Do you have a most popular flavor? My No. 1-selling flavor is Autumn Apple, closely followed by Maple Maine-ia, and then Wicked Mild Molasses.

One of the challenges of being a small business: One of the challenges of being a small business is that there is always work to be done. This is very similar to teaching, which was my first job as an adult, and I hope to return to teaching this fall. These days, I just have to decide to be done with BBQ sauce for the day and move onto the other aspects of my life. Otherwise, I could be making sauce, contacting new stores or marketing and designing every day.

One of the rewards: One of the rewards and something that I am proud of is that as an environmental science/policy and education major in college (zero business classes), I have been able to start and run this business all by myself. There were so many things that I had to do to get this BBQ sauce business off the ground. Sometimes, I wonder if I had known before what I know now, if I would have done it all again. But I am happy to say that I still enjoy making BBQ sauce and plan to continue cooking for years to come.

Three I-would-not-have-thought-to-add-barbecue-sauce combinations that surprisingly work: People instantly think MEAT with BBQ sauce, but I have friends who are vegetarians and put my BBQ sauce on their dishes as well. But my first unique combo would be Zing Zang BBQ sauce in my Bloody Mary.
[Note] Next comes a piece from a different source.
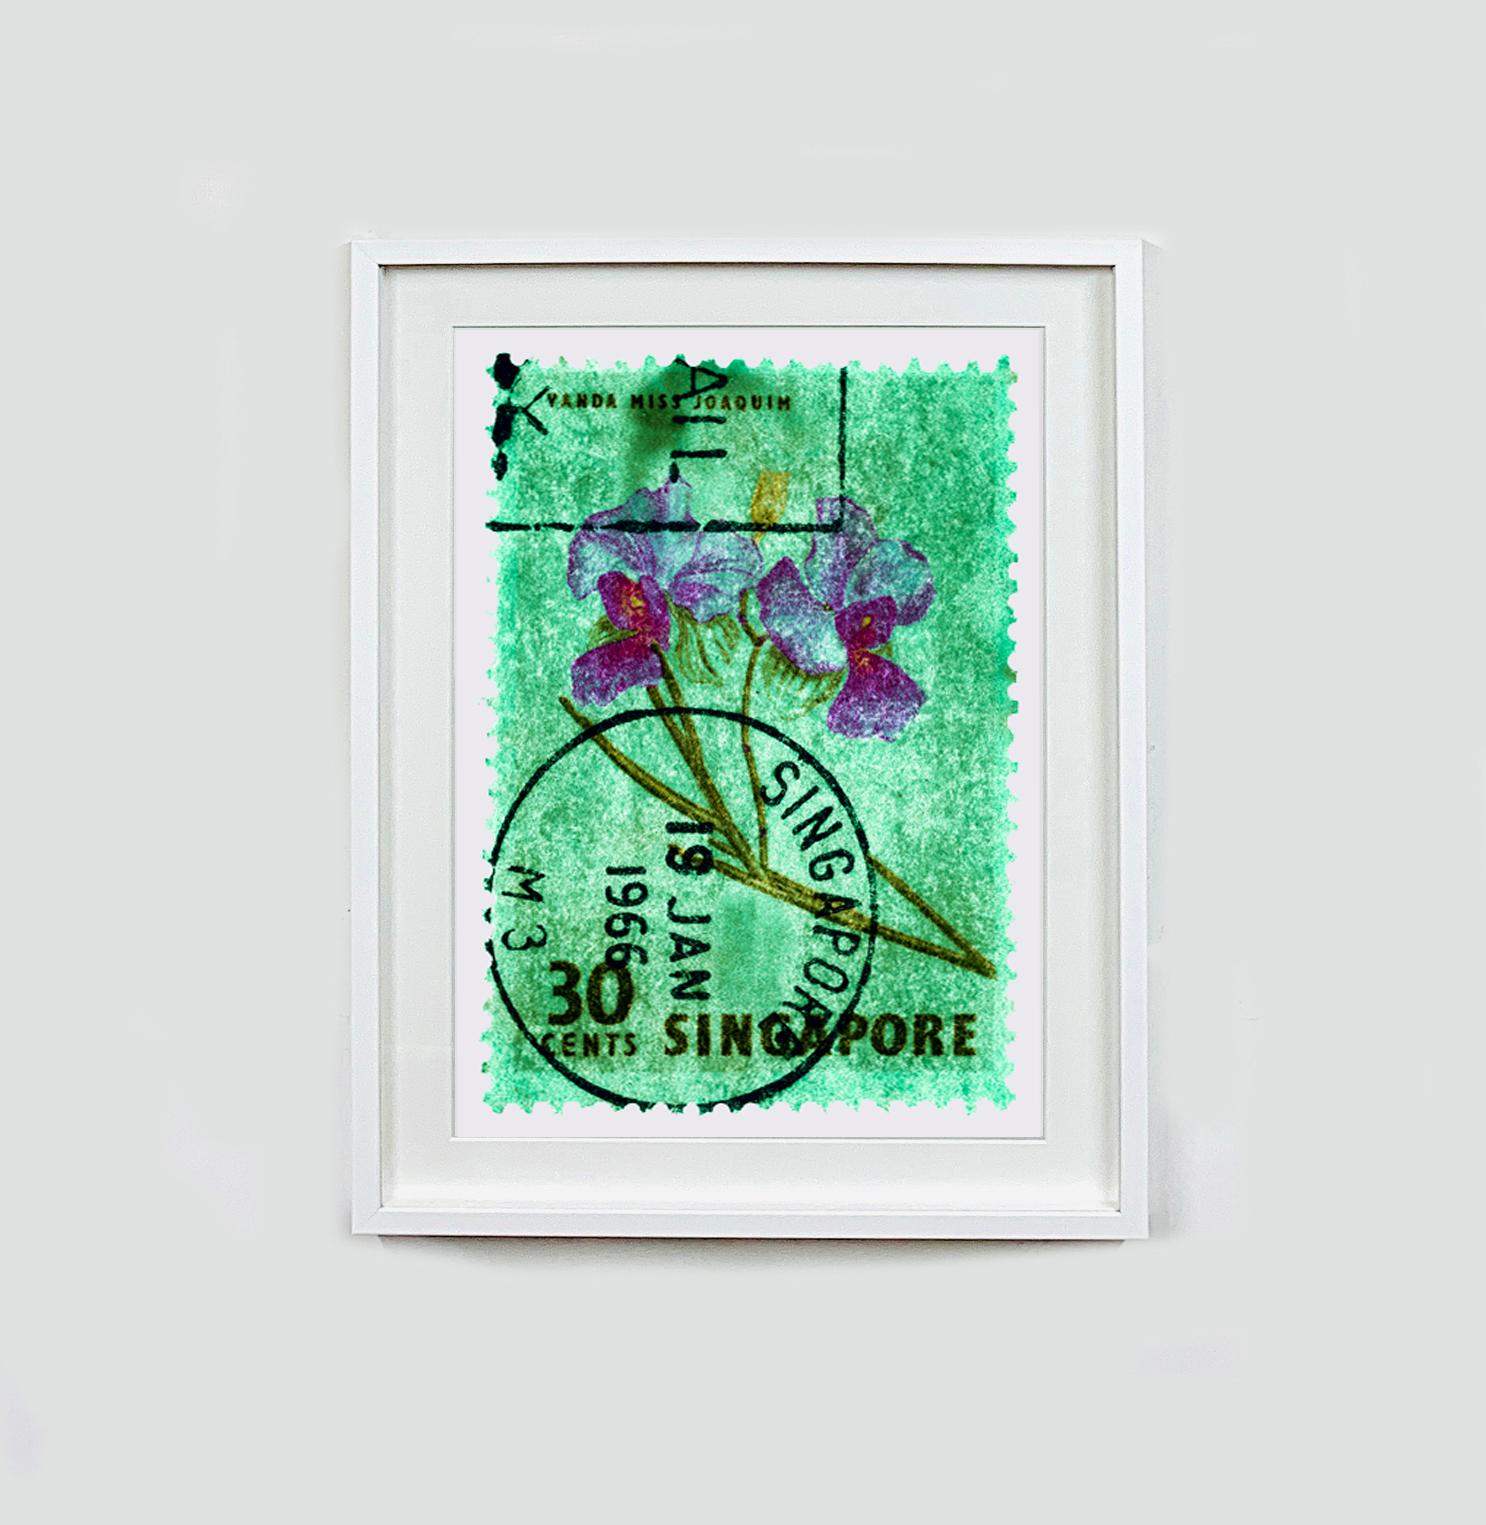 Singapore Stamp Collection, 30c Singapore Orchid Green - Floral color photo - Pop Art Print by Heidler & Heeps

It adds a twist that I think that people will love. Secondly, I added Hotter than Hades BBQ sauce into my tomato soup the other day and it was the perfect way to kick up the heat! Lastly, I would like to credit my Mom who loves adding my Original Slammin’ BBQ sauce to casseroles that call for condensed tomato soup or tomato paste. She thinks that it makes the dish even more flavorful!